Perinatal antibiotics given during delivery or after birth rapidly changes the colonization process of the gut in both term and preterm infants [14–17]. There are limited data, however, on the impact of perinatal antibiotics on the vertical transmission of microbes and AMR genes from mothers to infants.
Earlier, Tapiainen et al [15] reported the impact of perinatal antibiotics on the colonization of vaginally delivered infants in a prospective cohort. In the present study, we further investigate the impact of perinatal antibiotic on vertical microbe transmission from mother to infant using metagenomic analysis.
MATERIALS AND METHODS
Study Design and Study Population
The details are described elsewhere [15]. Briefly, this prospective controlled cohort included 149 term, vaginally delivered infants followed up from birth to age 12 months. Participants included 4 groups: the control group (neither mother nor infant received antibiotics), the intrapartum antibiotic prophylaxis (IAP) group (mother received IAP, infant did not receive antibiotics), the “postnatal” group (mother did not receive antibiotics, infants received postnatal antibiotics), and the IAP + postnatal group (both mother and infant received antibiotics). The Regional Ethics Committee of the Northern Ostrobothnia Hospital District, Oulu University Hospital, Oulu, Finland, reviewed and approved the study plan. All experiments were performed according to relevant regulations and guidelines. We enrolled only newborn infants whose parents gave written informed consent.
Sample Collection
The details of sample collection are described elsewhere [15]. Daily fecal samples were collected from diapers for infants until discharge. Mothers provided a fecal sample for analysis after birth or soon after discharge. Infants exposed to postnatal antibiotics received Lactobacillus reuteri probiotic until discharge, according to local clinical policy.

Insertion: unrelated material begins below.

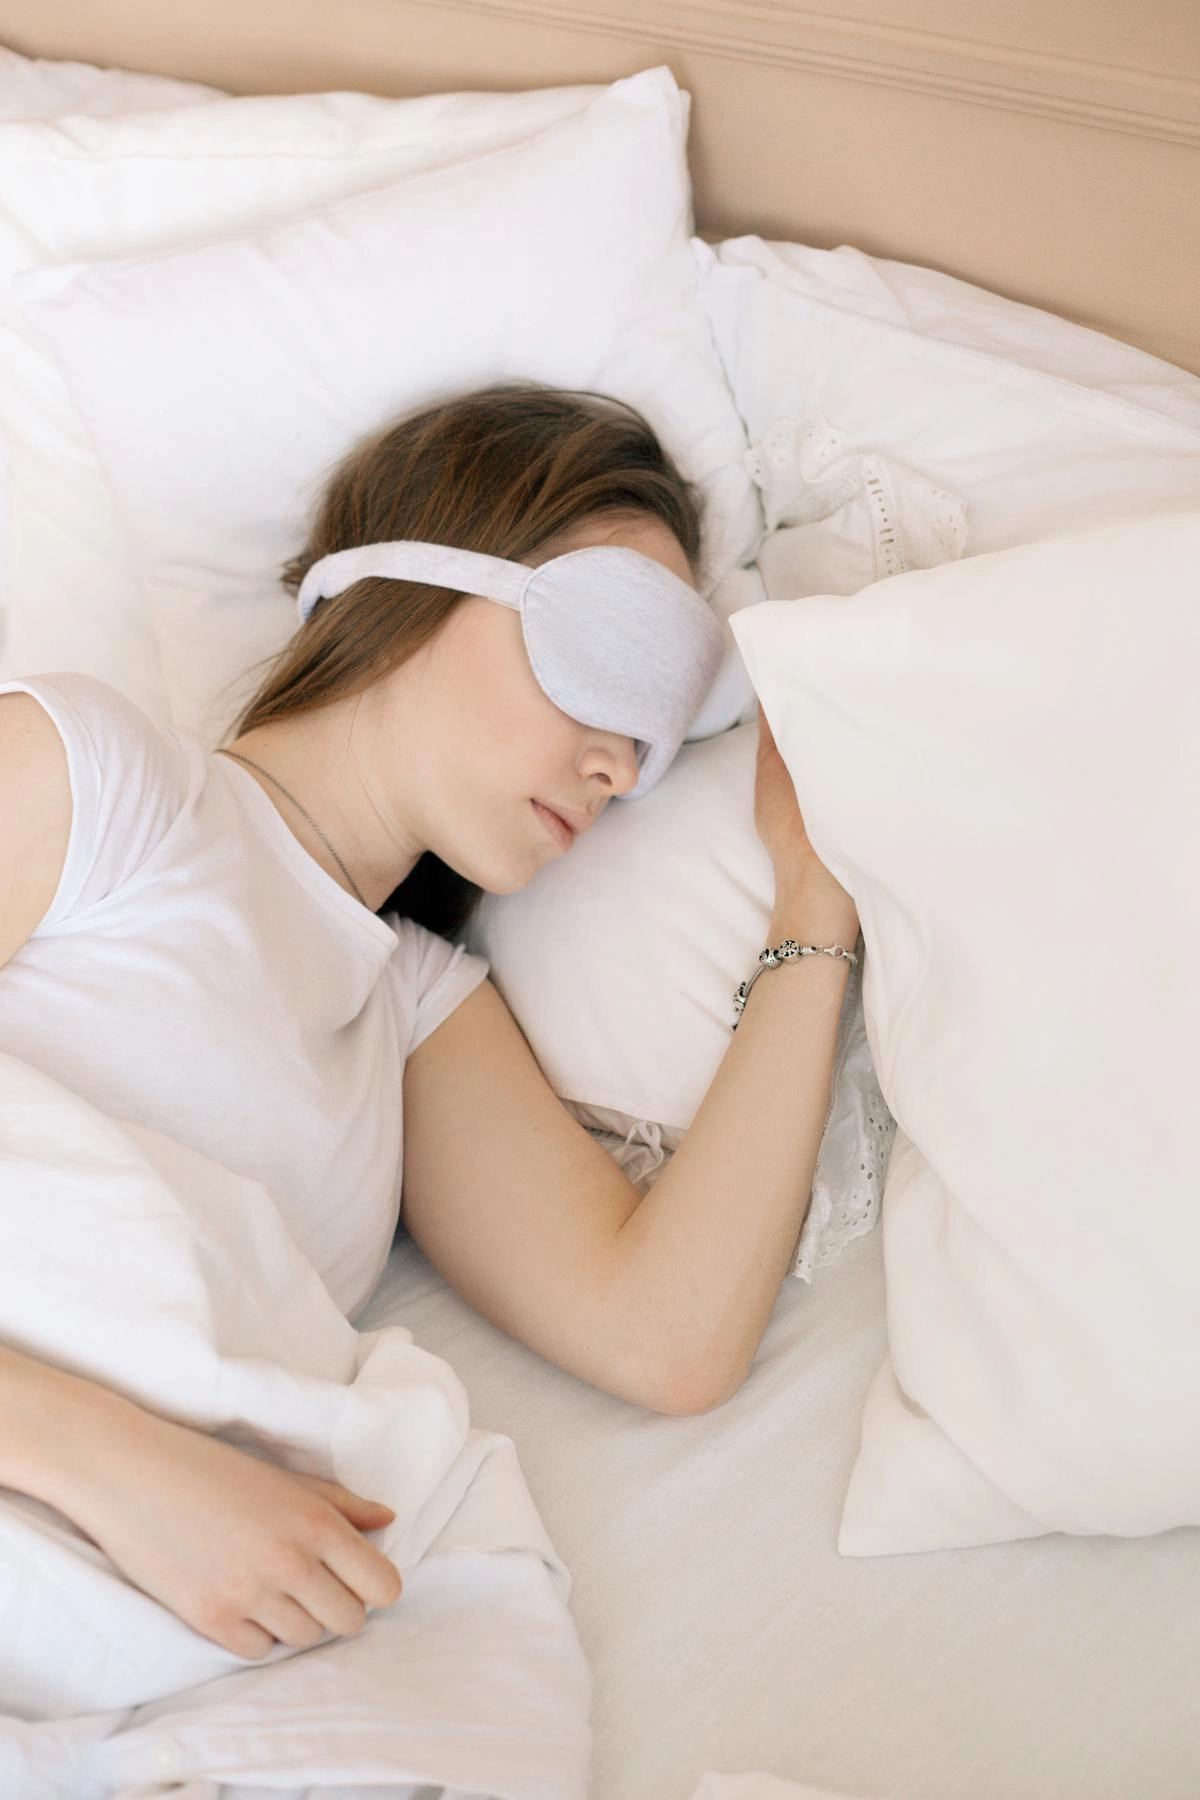  «30 минут сна днем позволяют частично компенсировать нехватку ночного отдыха».
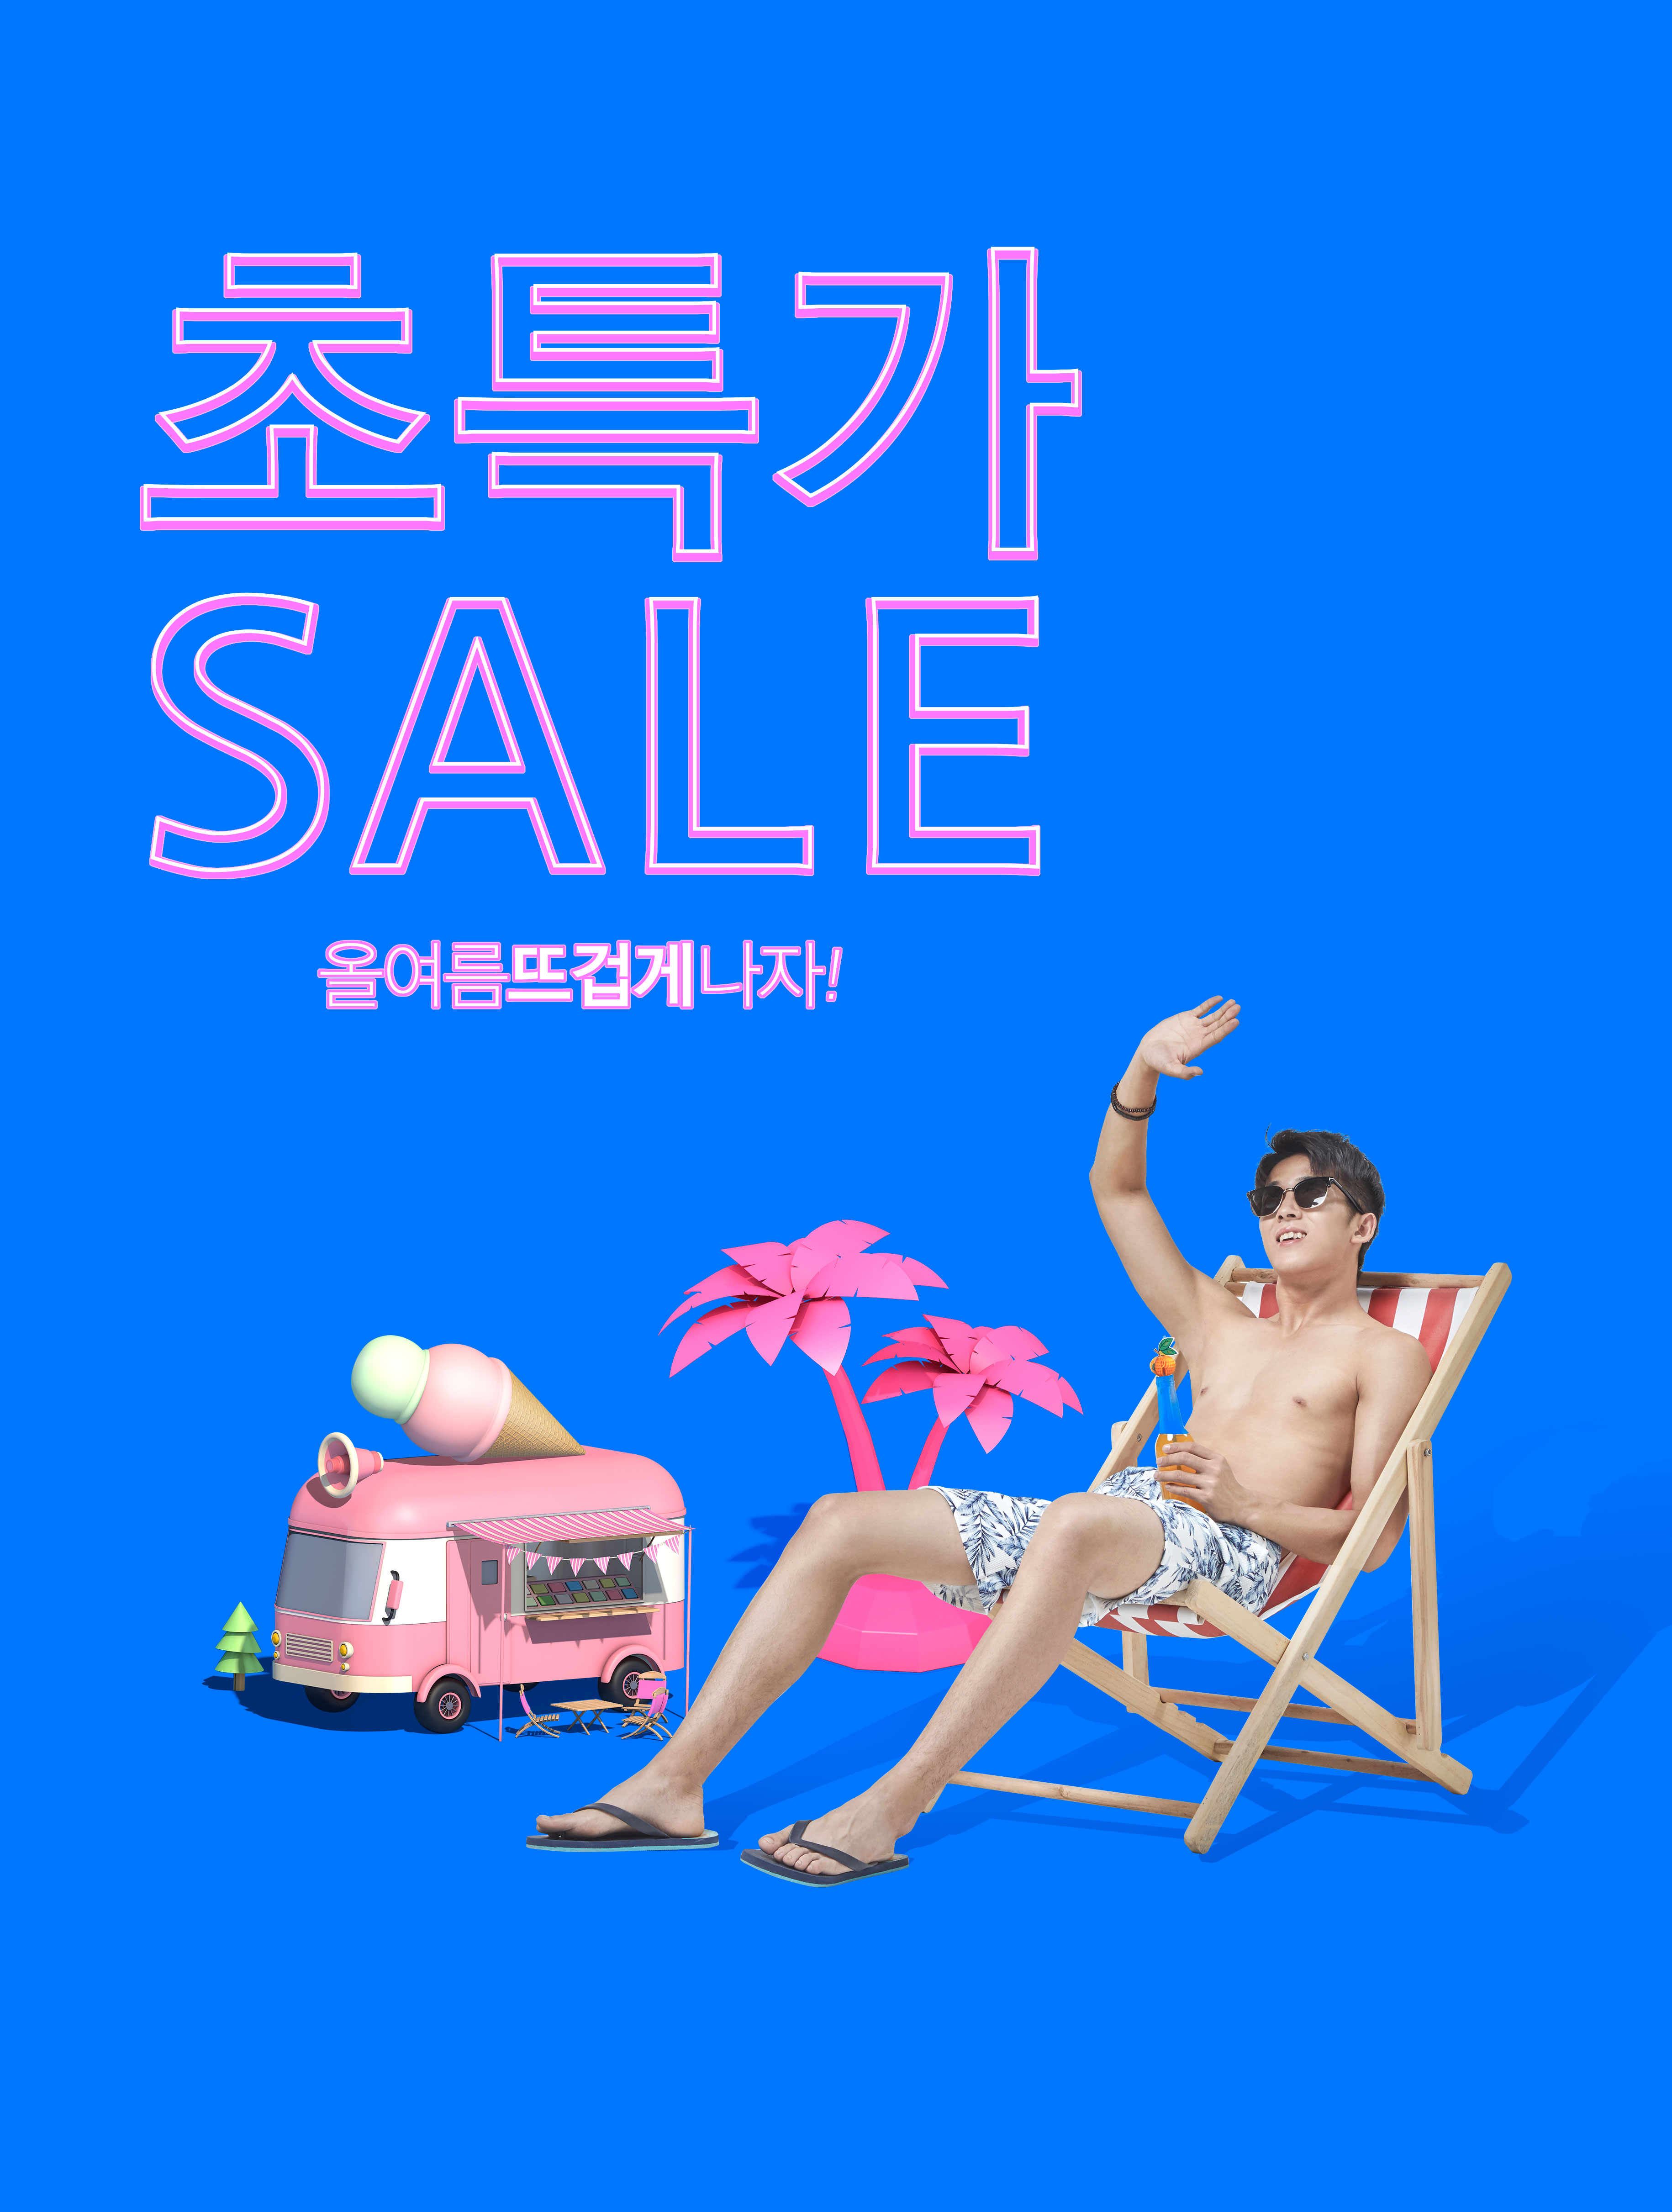 酷暑夏季度假活动广告海报设计套装[PSD]插图(4)

The present study investigated a subset of 56 samples from 10 mother-infant pairs in the IAP + postnatal group (the antibiotic-treated group) and 10 mother-infant pairs in the control group. The samples included 20 mothers’ samples collected after birth, 20 infants’ samples collected before discharge from the hospital (3–7 days after birth), and 16 children’s samples collected at 12 months (2 children dropped out per group). This study focused on the combined effects of antibiotics exposure from both mothers and infants. The IAP group and the postnatal group from the original cohort were not investigated.
Metagenomic Sequencing
For metagenomic sequencing, DNA was extracted from fecal samples using the MO BIO Powersoil DNA Extraction kit (MO BIO Laboratories). Paired-end bar-coded libraries were prepared from extracted DNA using the NexteraXT kit (Illumina) and sequenced on a NextSeq instrument (Illumina), generating approximately 1.78 GB of shotgun sequence data (150–base pair [bp] paired end reads) per sample (Supplementary Table 1).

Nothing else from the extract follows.